Privacy & Data Protection
Client Alert | 3 min read | 07.09.08
Other sections of this issue:
Privacy & Data Protection | ISP-Liability & Media Law | Contracts & E-Commerce | E-Communications & IT
The Article 29 Working Party, the EU advisory body on privacy matters, has issued an opinion on data protection issues related to search engines. The opinion offers some useful clarification on a number of matters that may also be of interest to other online intermediaries such as operators of online communities.
Introduction
Search engines recently came under public scrutiny for their modus operandi with personal data. On 4 April 2008 the Article 29 Working Party, the EU advisory body on privacy matters, published its long awaited opinion on data protection issues related to search engines.

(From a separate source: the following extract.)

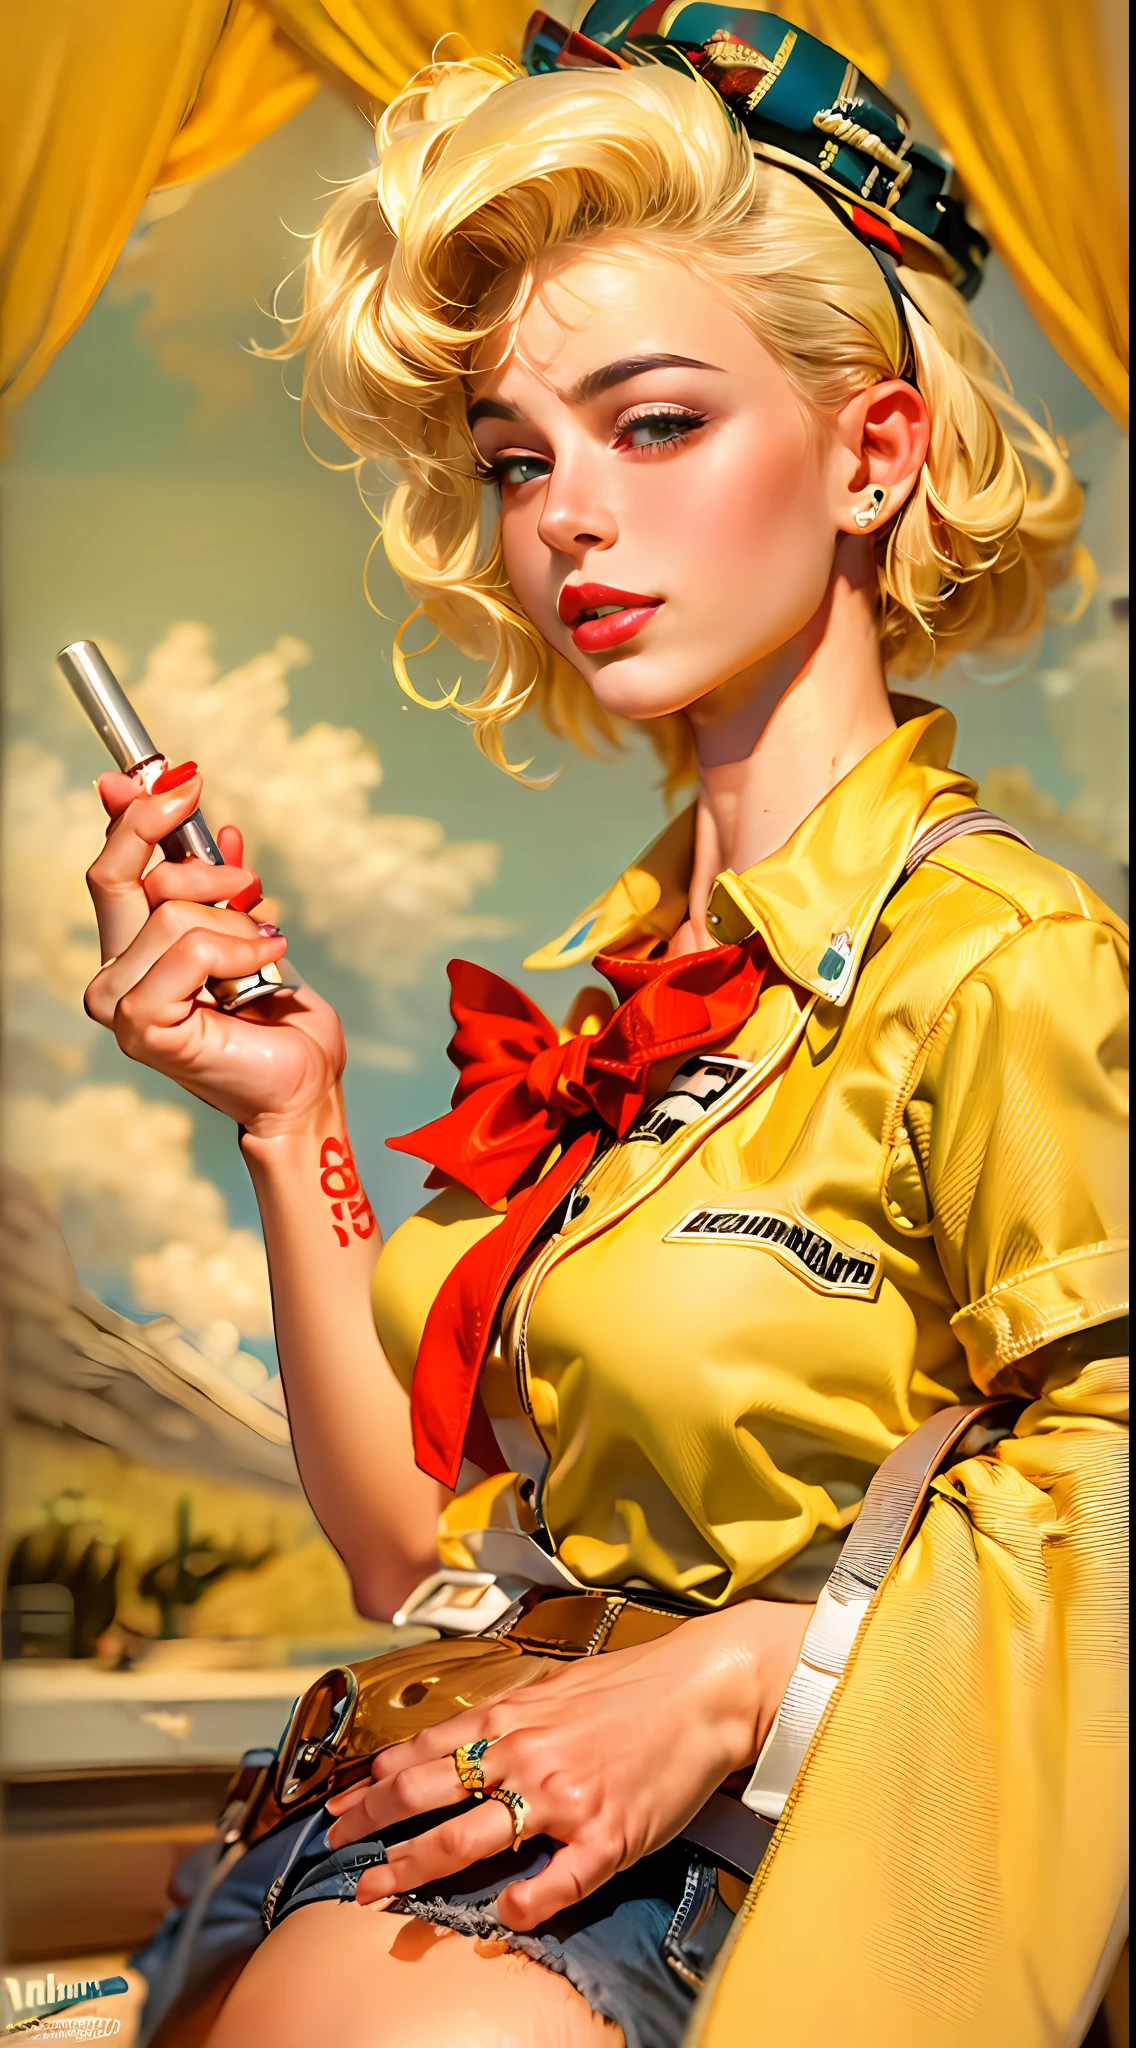 傑作, 最好的品質, 4k, ((吉爾·埃爾格倫 (Gil Elvgren) 或阿爾貝托·巴爾加斯 (Alberto Vargas) 的風格)), ((Android-18 DBZ,))紅唇膏, 痣, 摩達復古, 高腰短褲, 裁切封面, 黃色捲髮, 20 世紀 50 年代的海報女郎, 衝浪比賽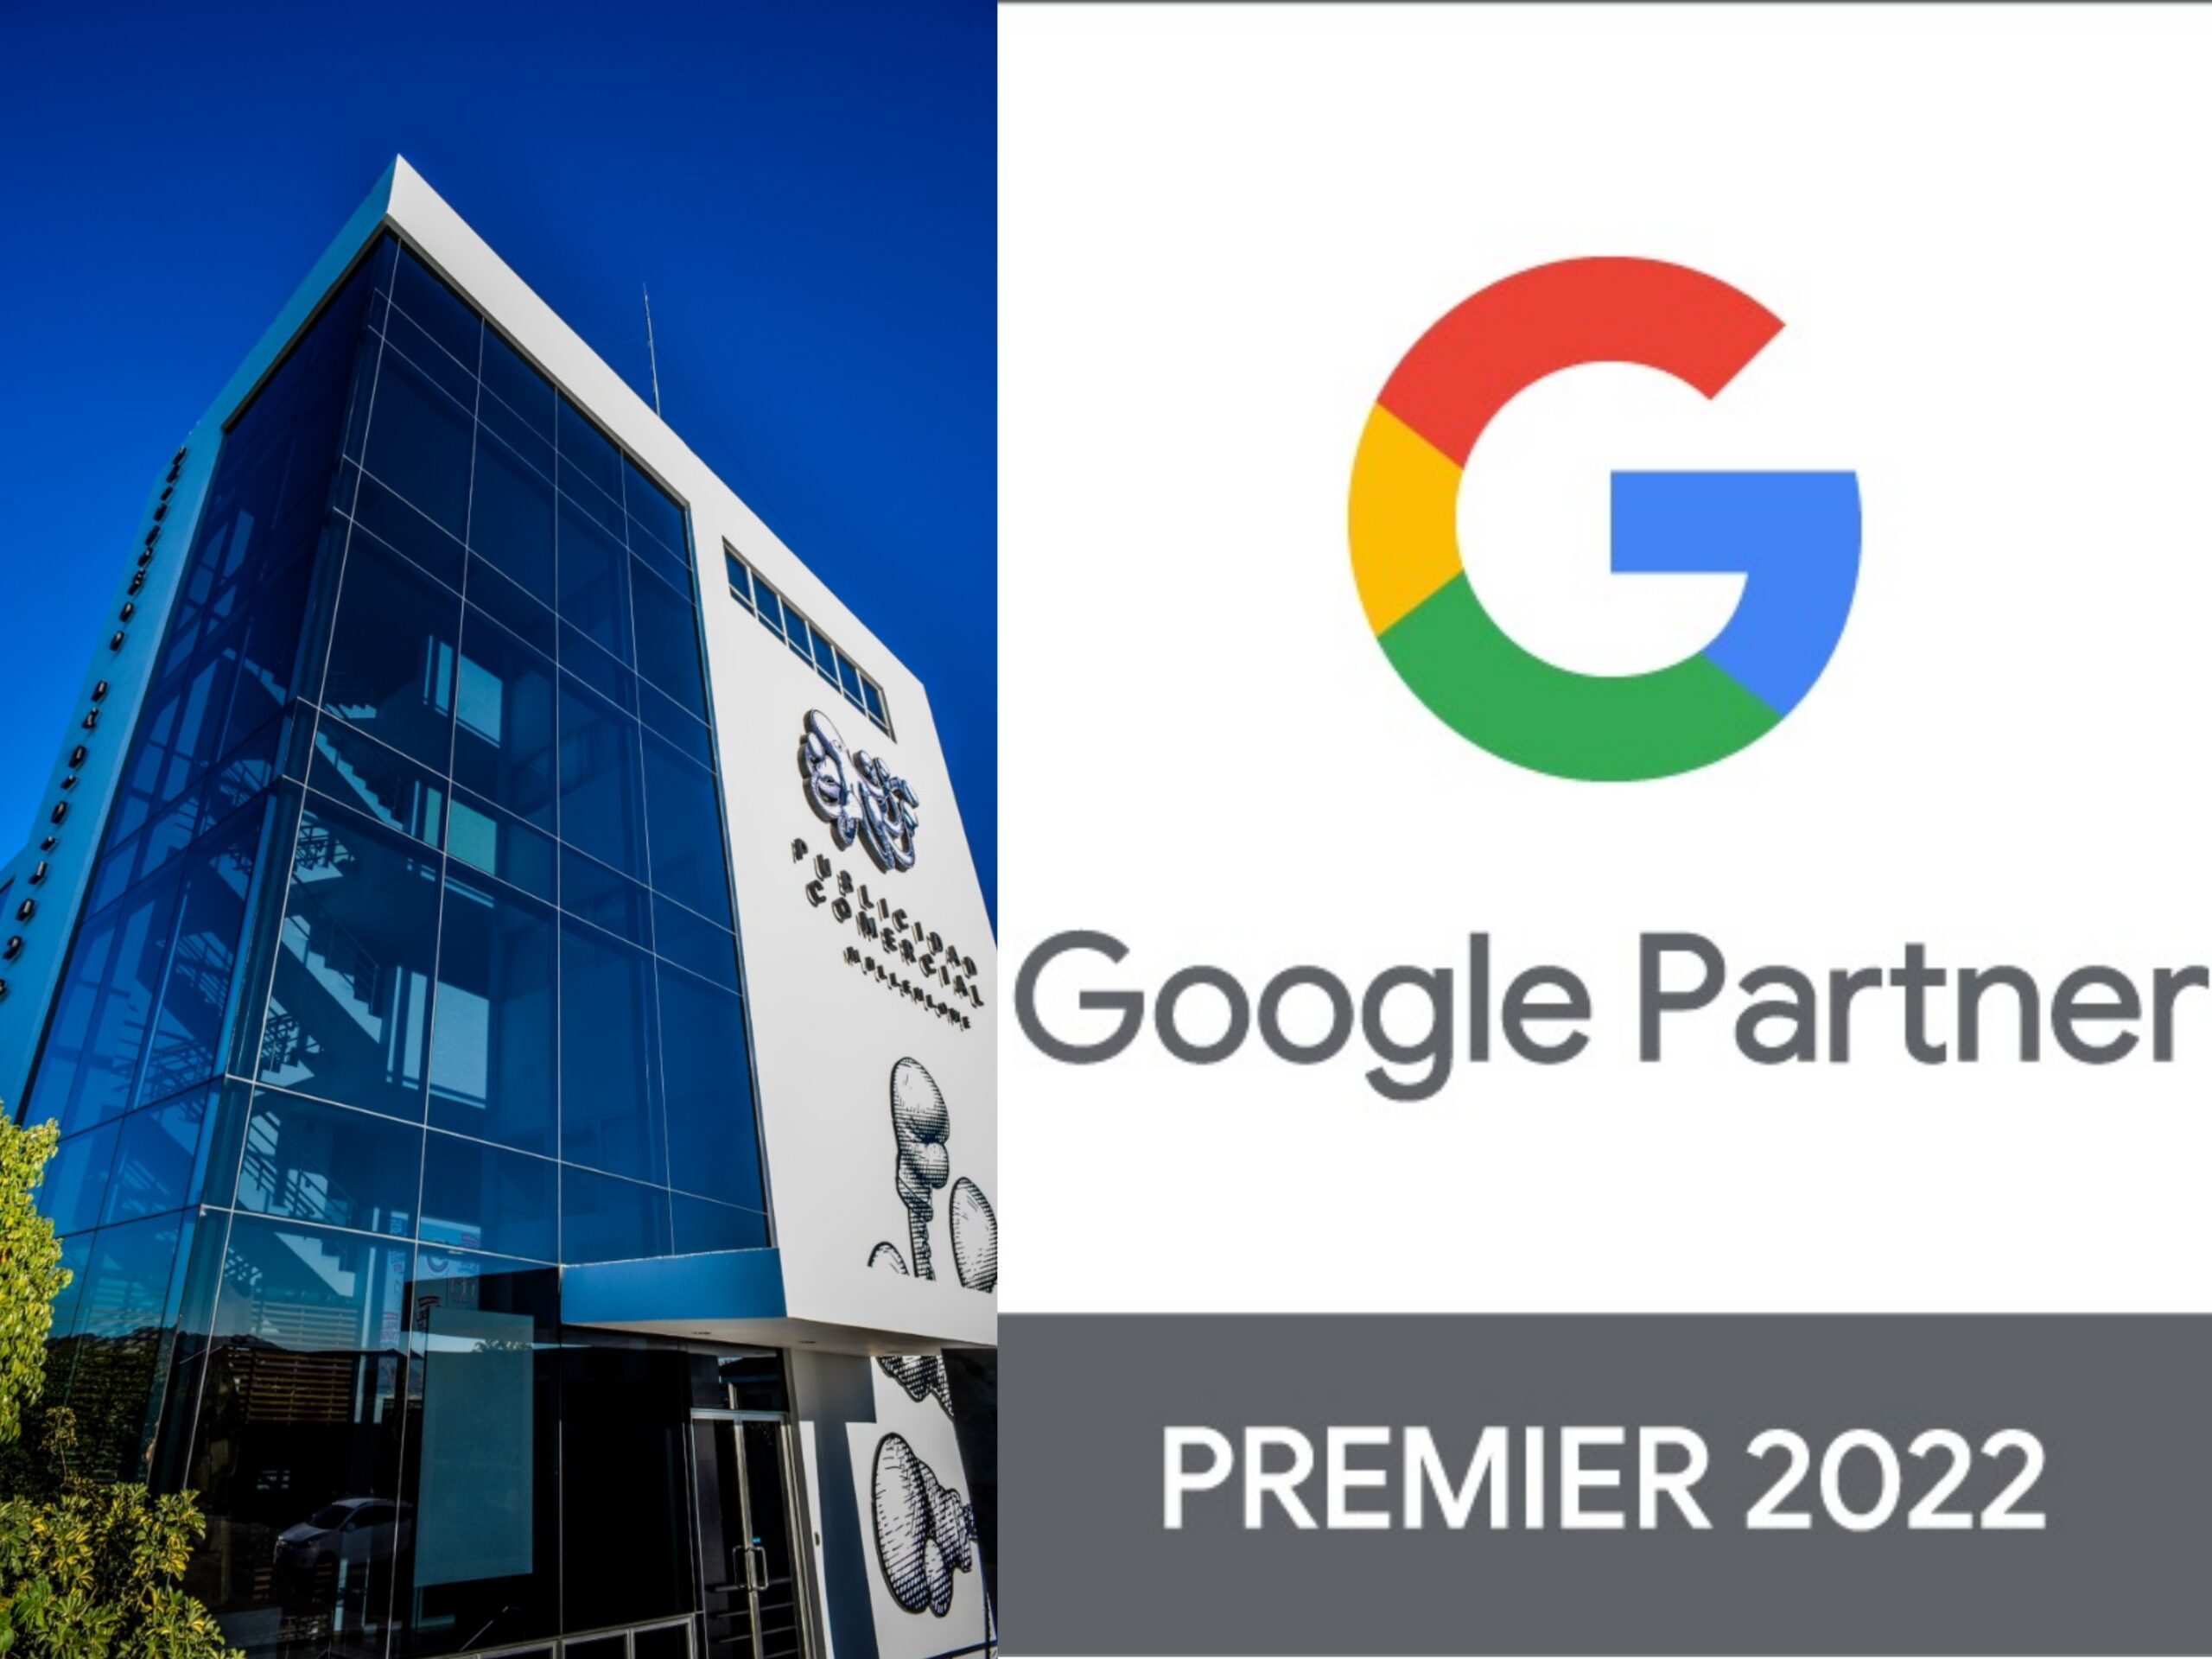 Agencia de publicidad MullenLowe alcanza estatus de Premier Partner 2022 de Google

This opinion offers some useful clarification of a few matters.
Territorial application of European data protection law
In the Article 29 Working Party's view, the European data protection legislation applies to virtually all search engine providers, even to those with no physical operations in the EU. That is because this legislation not only applies to entities processing personal data and having a permanent establishment in the EU, but also to entities which make use of equipment in the EU. The Working Party considers the use of cookies on a European user's PC as use of an equipment inside the EU.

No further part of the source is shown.